2. The method of claim 1, wherein the text feature extraction network is a BERT model and the picture feature extraction network is a VGG model.
3. The method of claim 1, wherein the training with the preset loss function comprises simultaneously training the main task and the auxiliary task with a main task loss function, an auxiliary task loss function, and a joint loss function.
4. The method of claim 1, wherein the text modality network, picture modality network, and inter-modality network are constructed based on a variational self-encoder framework.
5. The method according to claim 4, wherein the method for obtaining the topic information of the text modal network, the topic information of the picture modal network and the topic information of the inter-modal network relationship comprises the following steps:
obtaining topic information in a mode by using a text mode network and a picture mode network;
obtaining the relation information between the text mode and the picture mode by using the following formula, and inputting the relation information into the inter-mode network to obtain the relation topic information between the multiple modes:
wherein the content of the first and second substances,is a non-linear function of the standard,is as followstThe individual text and its corresponding pictorial representation,and isIs a transformation vector of order 3,d,mthe size of the dimensions of the vector is represented,,vector multiplication for trainable parametersThe result of (a) is a vectorEach of which。

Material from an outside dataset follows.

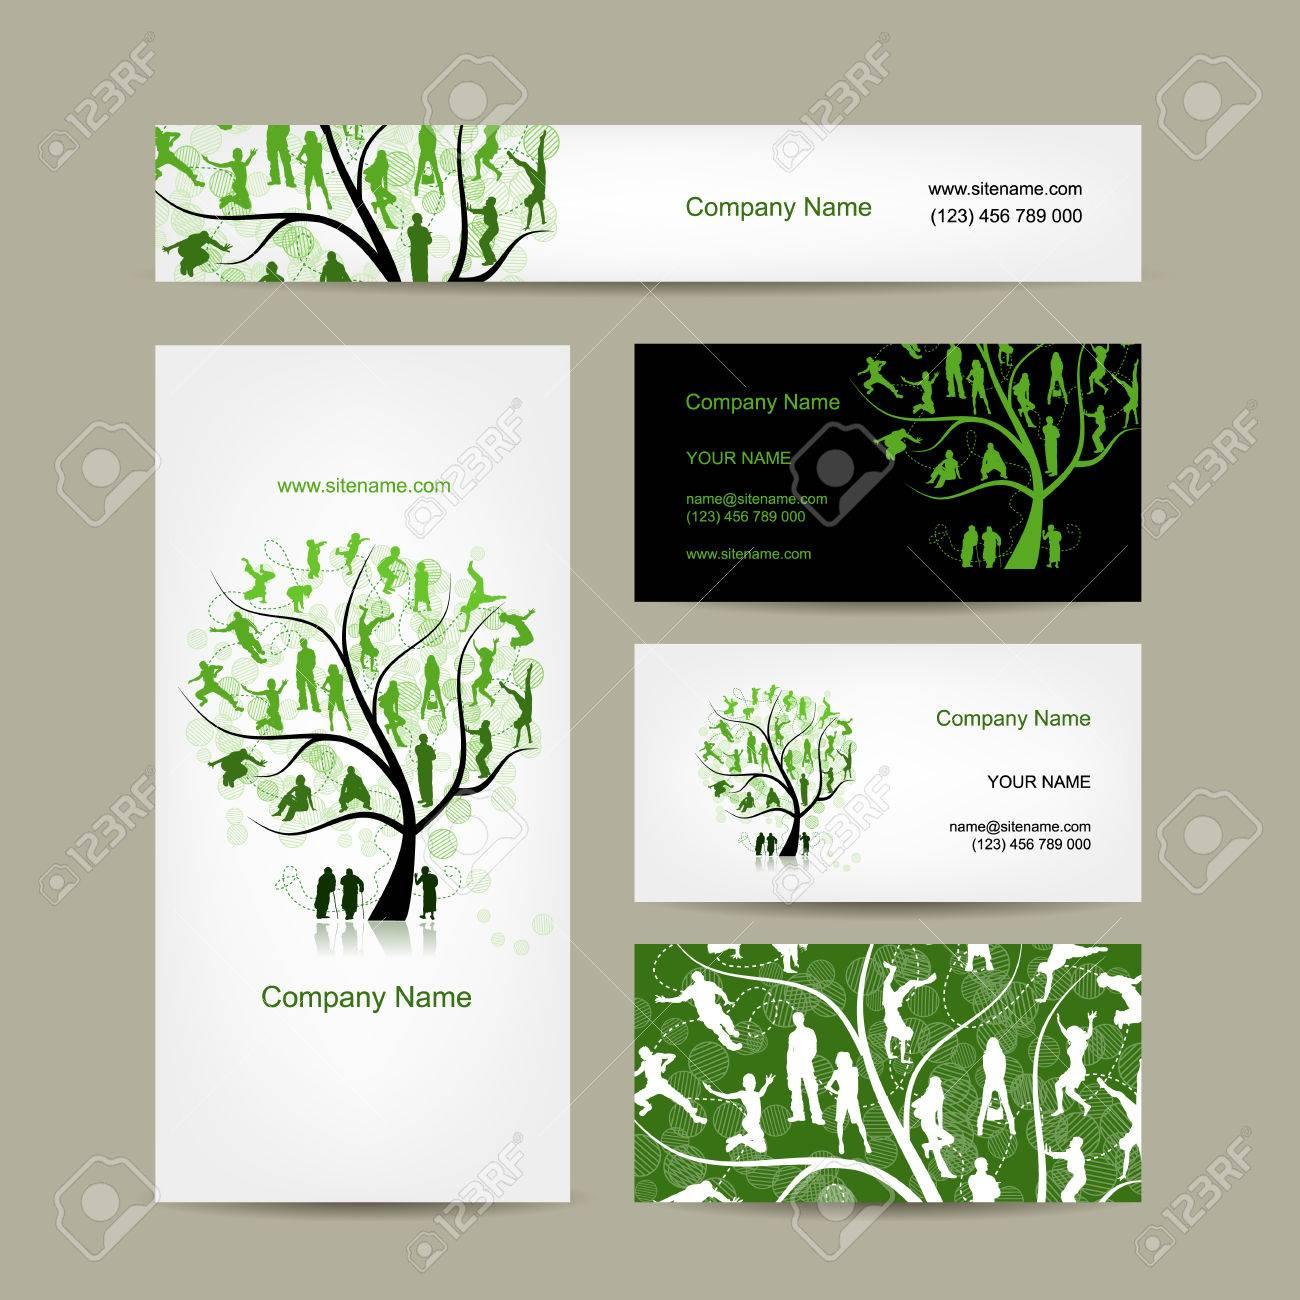 Cartes De Visite Conception Arbre Gnalogique Vector Illustration Banque Dimages

6. The method of claim 1, wherein the network model of the primary task is built based on an LSTM model.
7. The method of claim 1, wherein the fusing the outputs of the main task and the auxiliary task using the gating mechanism is as follows:
8. The method of claim 3, wherein:
main task loss function:
wherein the content of the first and second substances,Nis the number of samplesTo achieve the purpose of improving the immunity of human beings,is as followsiIndividual userThe true category label of (a) is,is composed ofThe coefficients of the regularization are,all training parameters in the model;
auxiliary task loss function:
wherein the content of the first and second substances,Uin the form of an intermediate content matrix, the content matrix,for a standard normal distribution, the first half of the formula measures the modeled distribution with a Kullback-Leibler divergenceAnd true distributionThe second part is the reconstruction loss of the model, the original input is reconstructed by generating the network,representing a training parameter;
joint loss function:
wherein the content of the first and second substances,as weights, to balance the penalty functions of the primary and secondary tasks,is a function of the main loss as a function of,for the purpose of the text modal loss function,as a function of the modal loss of the picture,is an inter-modal relationship loss function.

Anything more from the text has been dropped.